MATRASNEWS, BEKASI – Jejaring warga masyarakat RW 08 Kelurahan Bekasi Jaya, Kecamatan Bekasi Timur, pada Minggu, 15 Februari 2026 berlangsung hangat, tidak hanya karena warga menyampaikan berbagai keluhan, tetapi juga karena pernyataan Anggota DPRD Kota Bekasi dari Fraksi Partai Gerindra, Yadi Hidayat, menyoroti potensi pajak di wilayah tersebut.
Yadi Hidayat menilai serapan pajak di Bekasi Timur kemungkinan belum optimal. Ia mendorong pemerintah untuk meningkatkan sosialisasi kepada masyarakat agar kesadaran membayar pajak tumbuh.
“Makanya kalau untuk pajak memang harus butuh sosialisasi yang maksimal juga. Sehingga serapan dari pajak itu kita dapatkan maksimal,” ujar Yadi Hidayat di hadapan warga, Minggu 15 Februari 2026.
Politisi Gerindra itu menekankan pentingnya perbaikan sistem perpajakan, mulai dari Pajak Bumi Bangunan (PBB), pajak restoran, hingga sektor lainnya. Menurutnya, transparansi dan optimalisasi penerimaan pajak menjadi kunci untuk meningkatkan Pendapatan Asli Daerah (PAD) Kota Bekasi.
“Kita mau sistem semua kita benahin sekarang. Jadi sistem perpajakan, mulai pajak bumi bangunan, restoran, terus itu semuanya harus benar-benar terbuka dan maksimal,” tegasnya.
Meski mengakui kendala di lapangan bersifat normatif dan berulang setiap tahun, Yadi menegaskan fungsi pengawasan dewan harus diperkuat. Ia juga membuka peluang pembenahan sistem jika ditemukan kelemahan.
“Fungsi saya pengawasan, paling minimal kita harus benar-benar melakukan pengawasan itu. Kalau memang ada kelemahan di situ, ya mungkin sistemnya kita harus benahin,” tambahnya
Di luar persoalan pajak, Yadi Hidayat turut menanggapi keluhan warga mengenai banjir yang kerap melanda. Ia menyampaikan bahwa pemerintah kota bersama provinsi dan pusat tengah berupaya mewujudkan target bebas banjir dan sampah pada tahun 2027, sebagaimana telah disampaikan dalam sidang paripurna.

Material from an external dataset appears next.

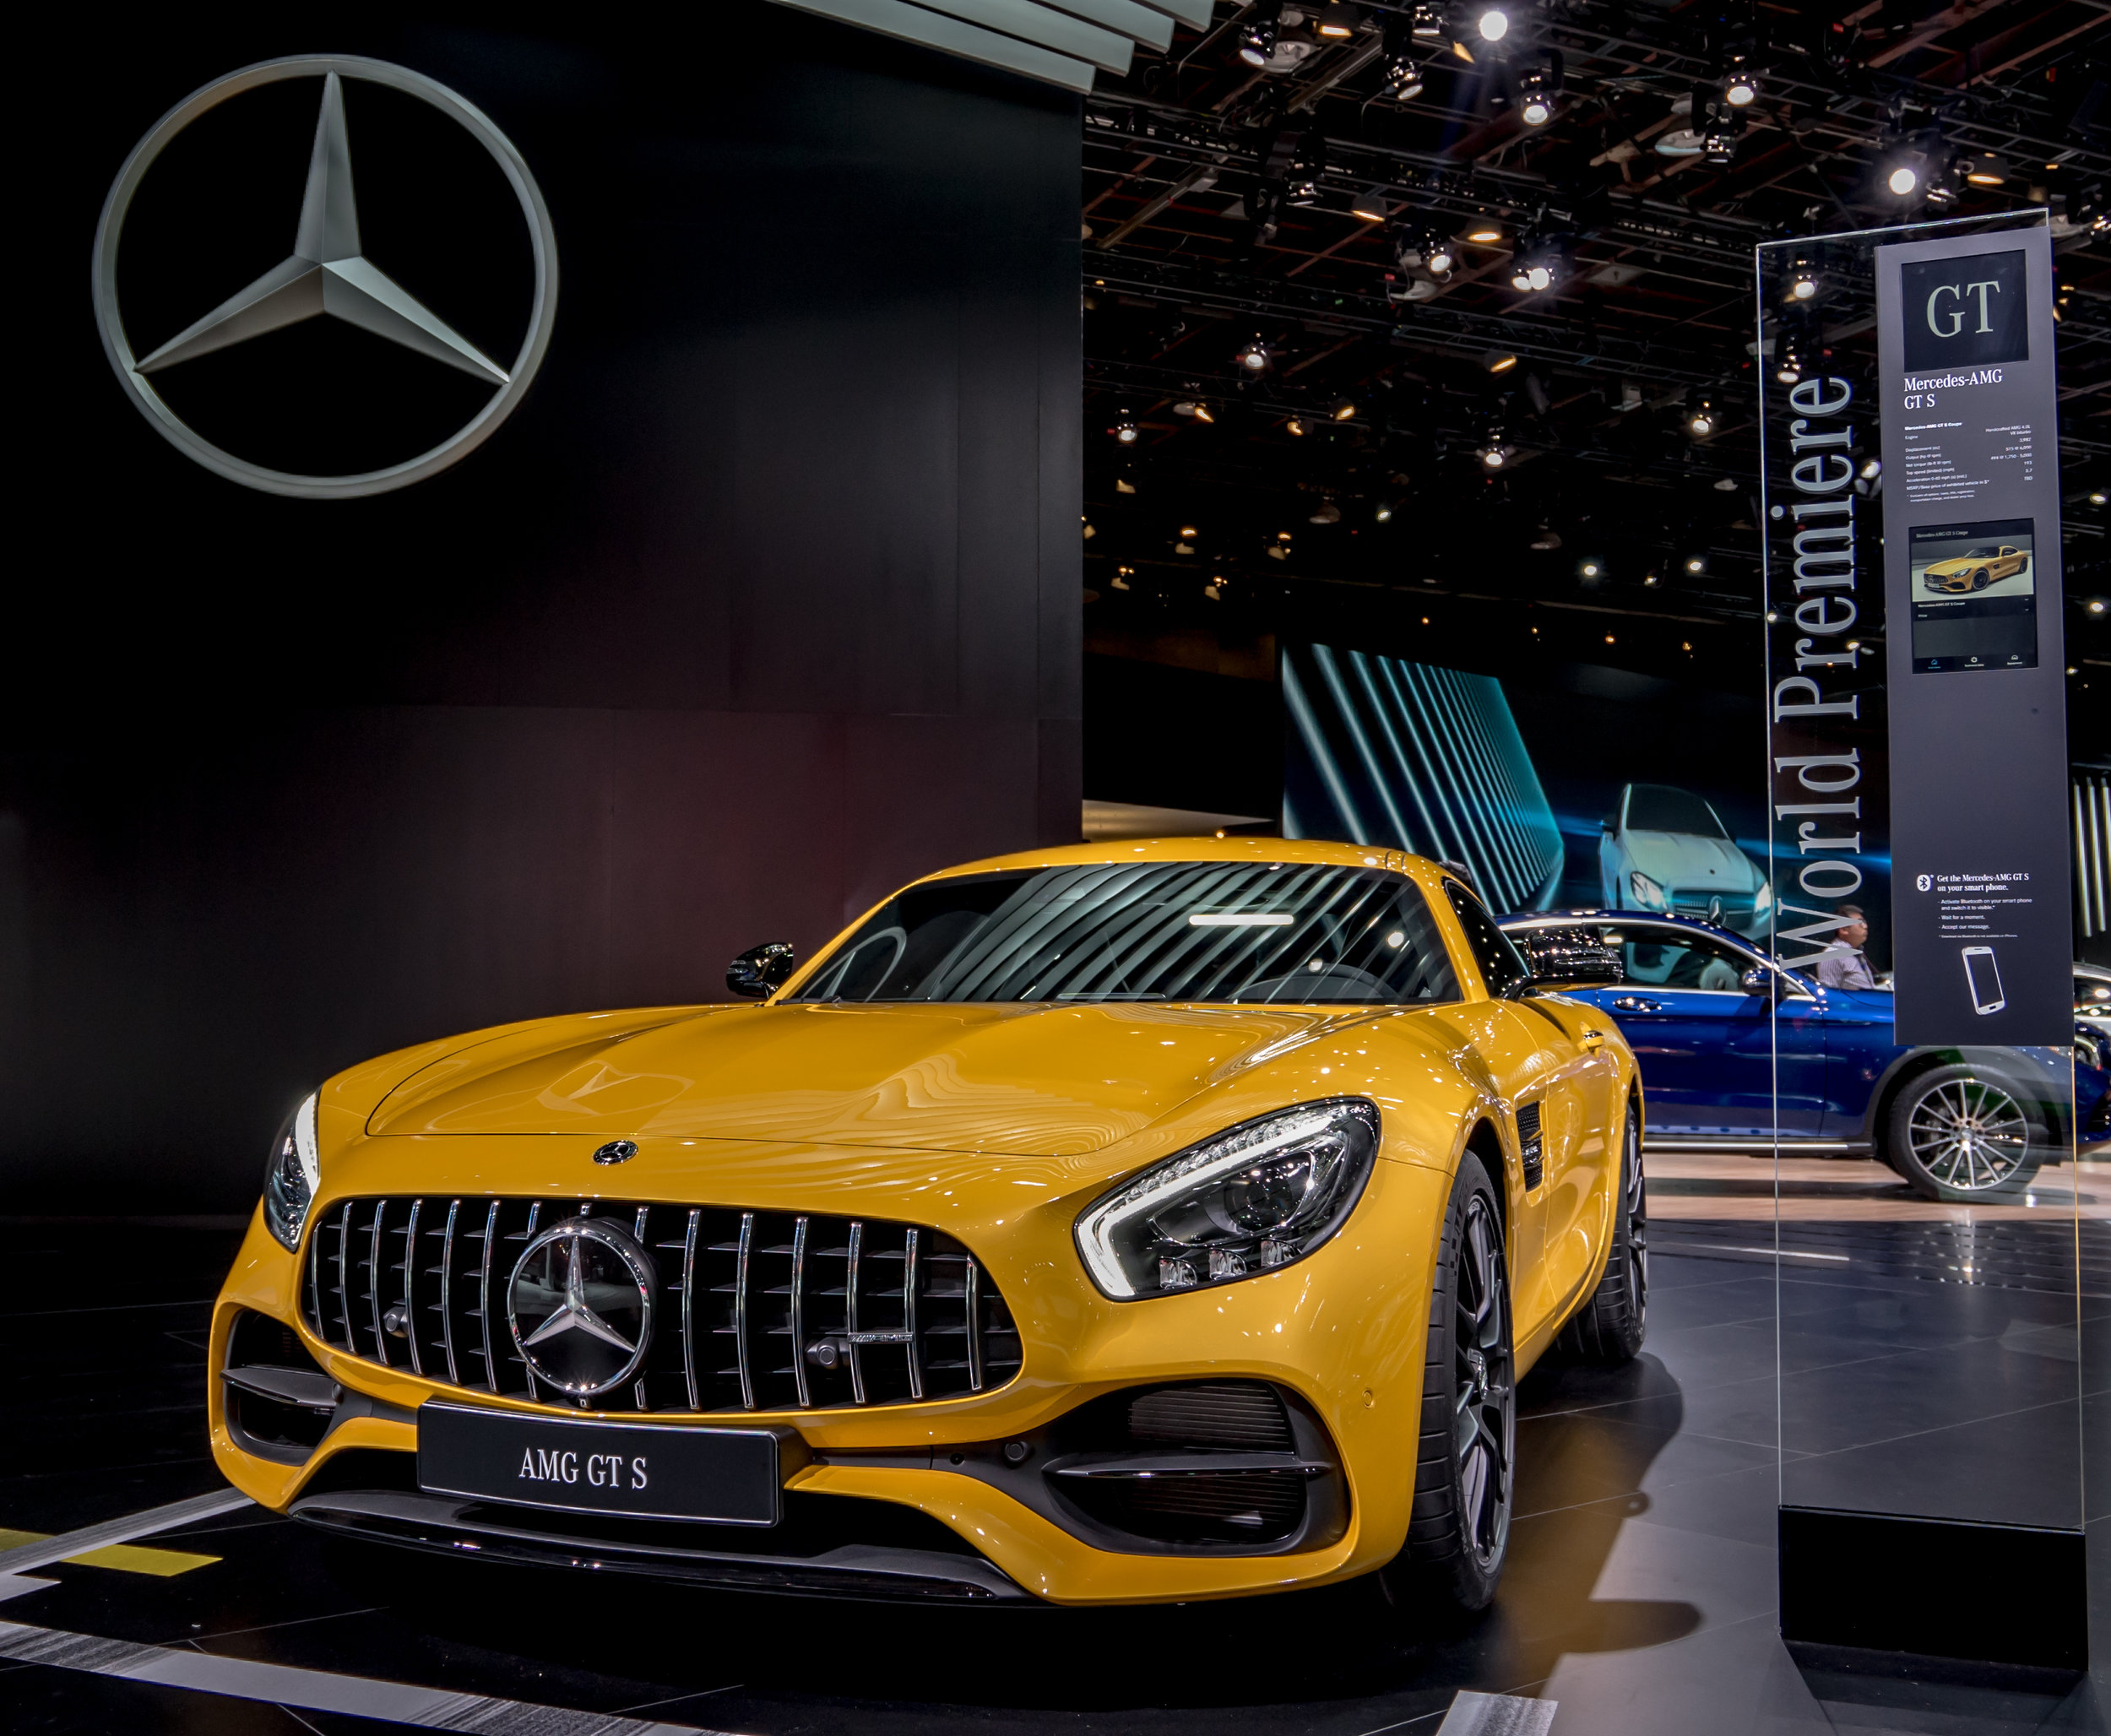 2017 Mercedes Benz AMG GT S

“Harapan saya, bersabar saja, karena pemerintah kota bersama provinsi dan pusat ini lagi berusaha bagaimana banjir itu bisa teratasi,” pungkas Yadi.
Acara yang dikemas sebagai ajang temu warga dan wakil rakyat itu diharapkan mampu menjaring aspirasi sekaligus mendorong partisipasi masyarakat dalam pembangunan, khususnya melalui kontribusi pajak.
Ikuti berita terkini di Google News, klik di sini.











Komentar ditutup.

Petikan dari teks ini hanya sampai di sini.